Harris was his usual dominant self this year, allowing a .262 wOBA. He posted the lowest BB% and the highest K% of his career. He doesn’t have Verlander’s velocity, but his cutter/curveball combination has led to consistently dominant results.

But despite being warm, Hinch went with Verlander. I’m not going to pretend that Andrew Benintendi’s home run — hit just 90 mph, and a ball that Statcast gave just a 5% hit probability to — was the obvious outcome here, or that the decision was clearly a mistake because the outcome went badly.

But as much as it is refreshing to question whether managers are too aggressive in using their best pitchers this year, as opposed to watching Zach Britton sit in the bullpen as his team’s season ended a year ago, it feels like this was an example of the tide turning too far in the other direction. It’s great to have a guy like Verlander that you really believe in, but you can’t win a World Series with just a few pitchers. You have to trust your depth guys too.
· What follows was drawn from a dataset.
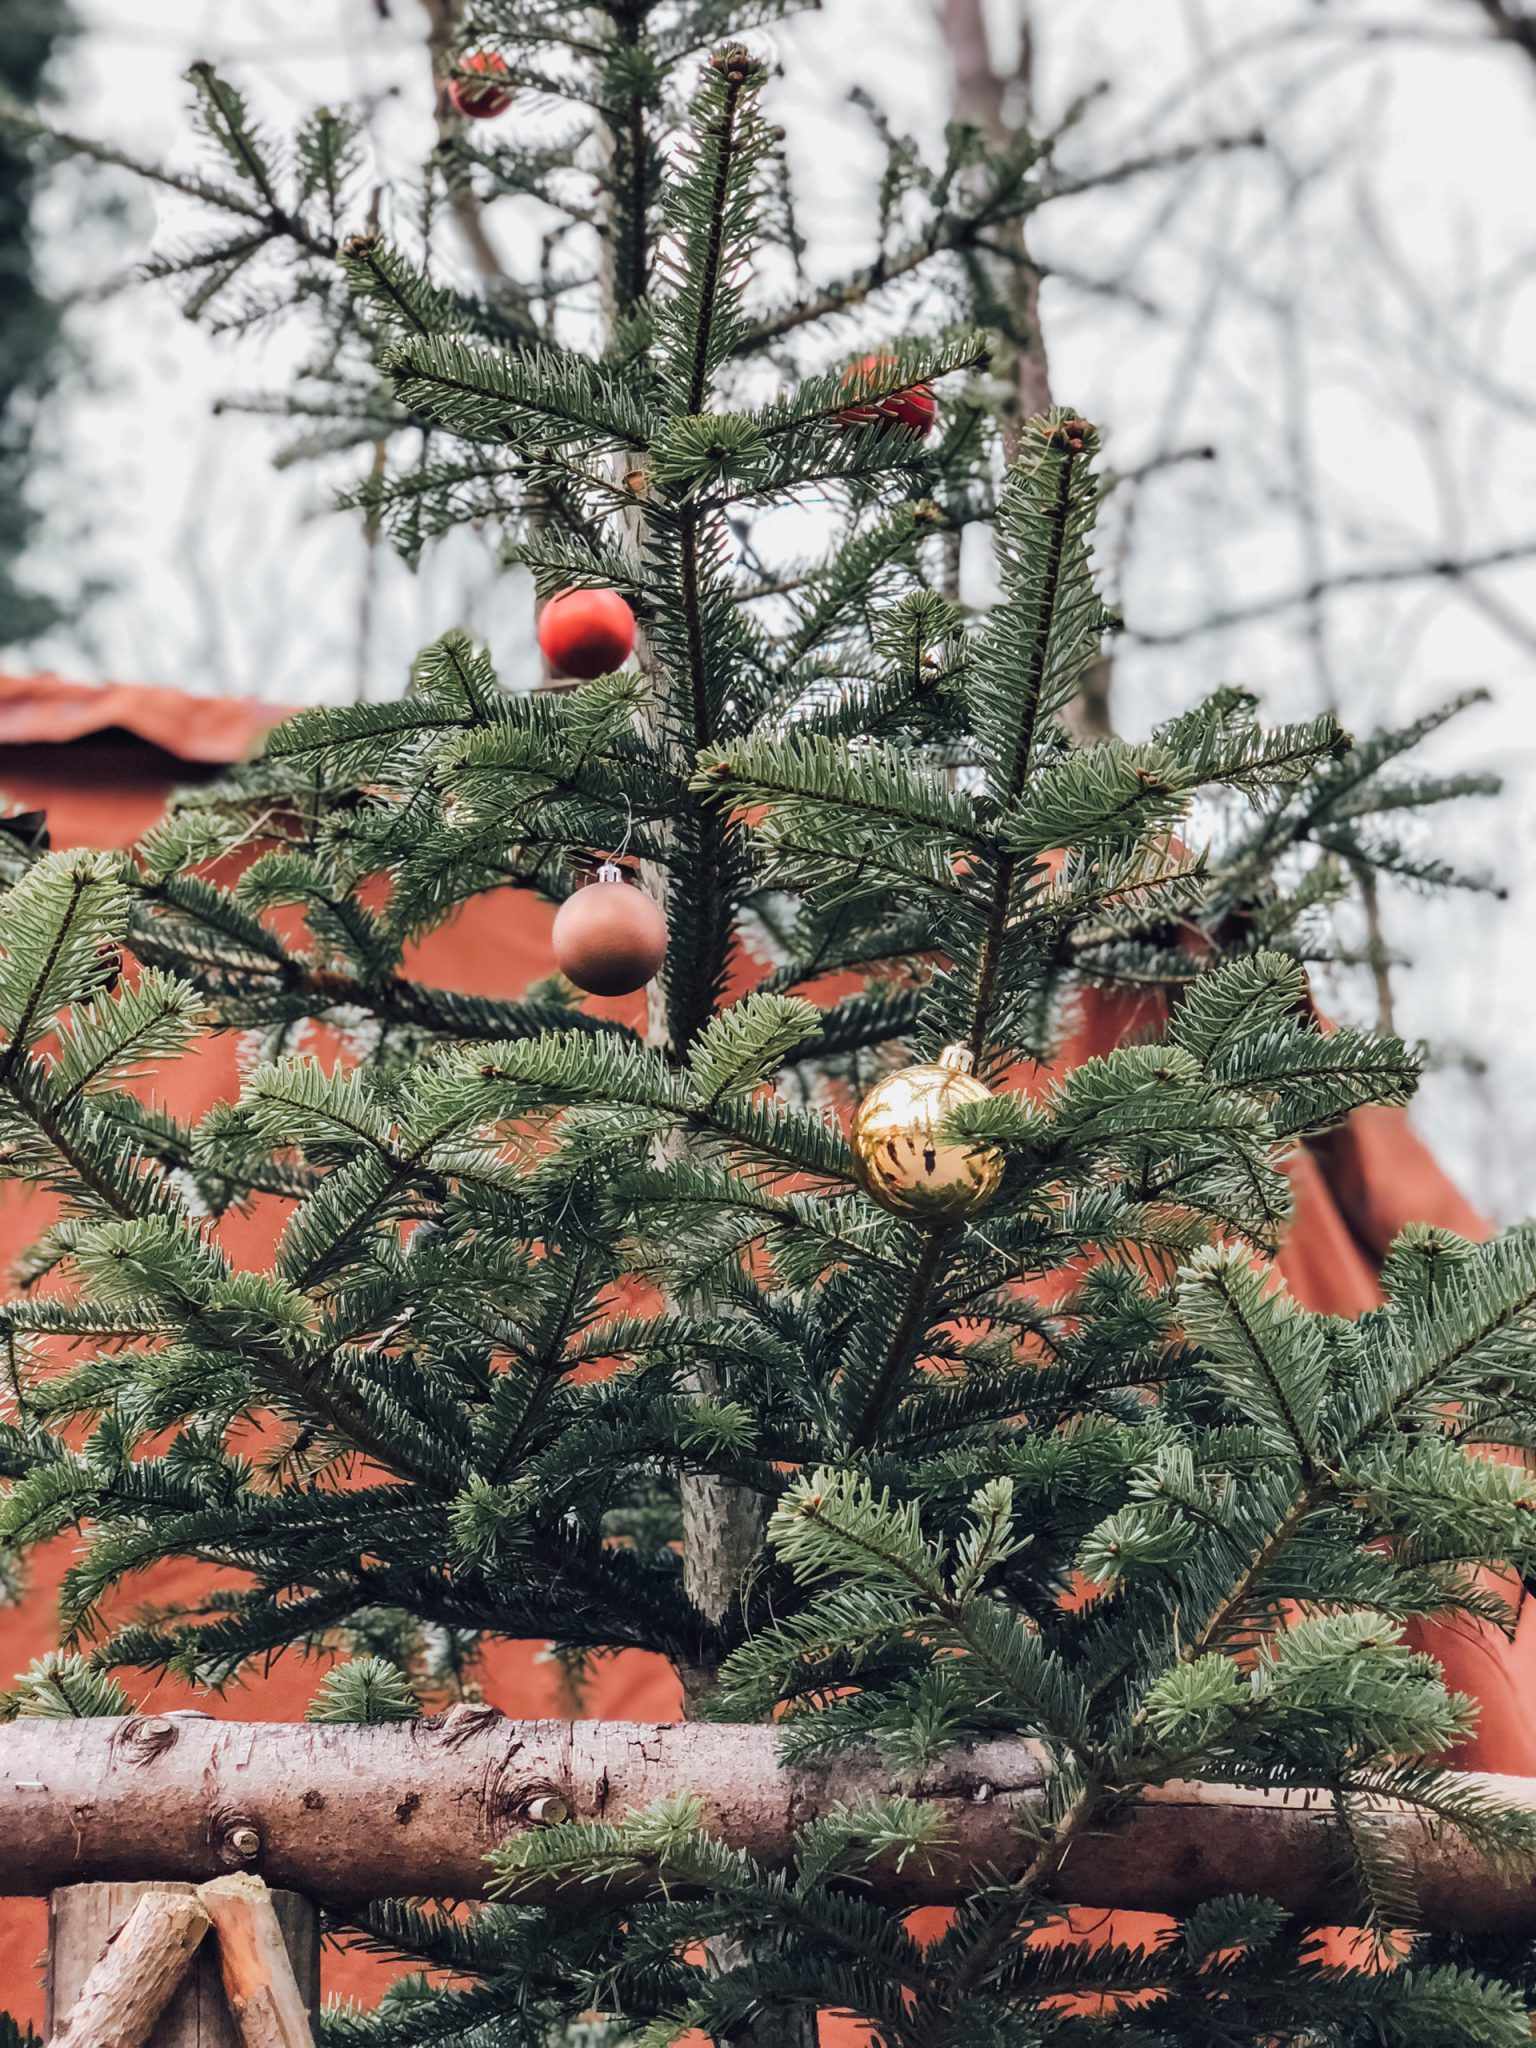 Kaltenberger Ritterturnier Märchenweihnachtsmarkt Schloss Kaltenberg Ausflugstipps für Familien - München mit Kind - Mama Blog 3

If we’ve gotten to the point where we’re choosing to put a starter who has never pitched in relief in before a guy like Harris, a legitimately elite reliever, then I think the pendulum has swung too far the other direction. Especially when the Astros didn’t have to win Game 4. The worst case scenario for them in this game was that they head home with a fresh Verlander to take the mound, and Dallas Keuchel to bridge the gap between him and Ken Giles.

Now, they’re down 3-2 in this game, and might still head back to Houston for Game 5, only Keuchel will likely be the starter, and Verlander might be the guy pitching a few innings of relief instead. The Astros may have just unnecessarily reduced their worst-case outcome in Game 4 to an even worse position, because they didn’t trust a really good reliever.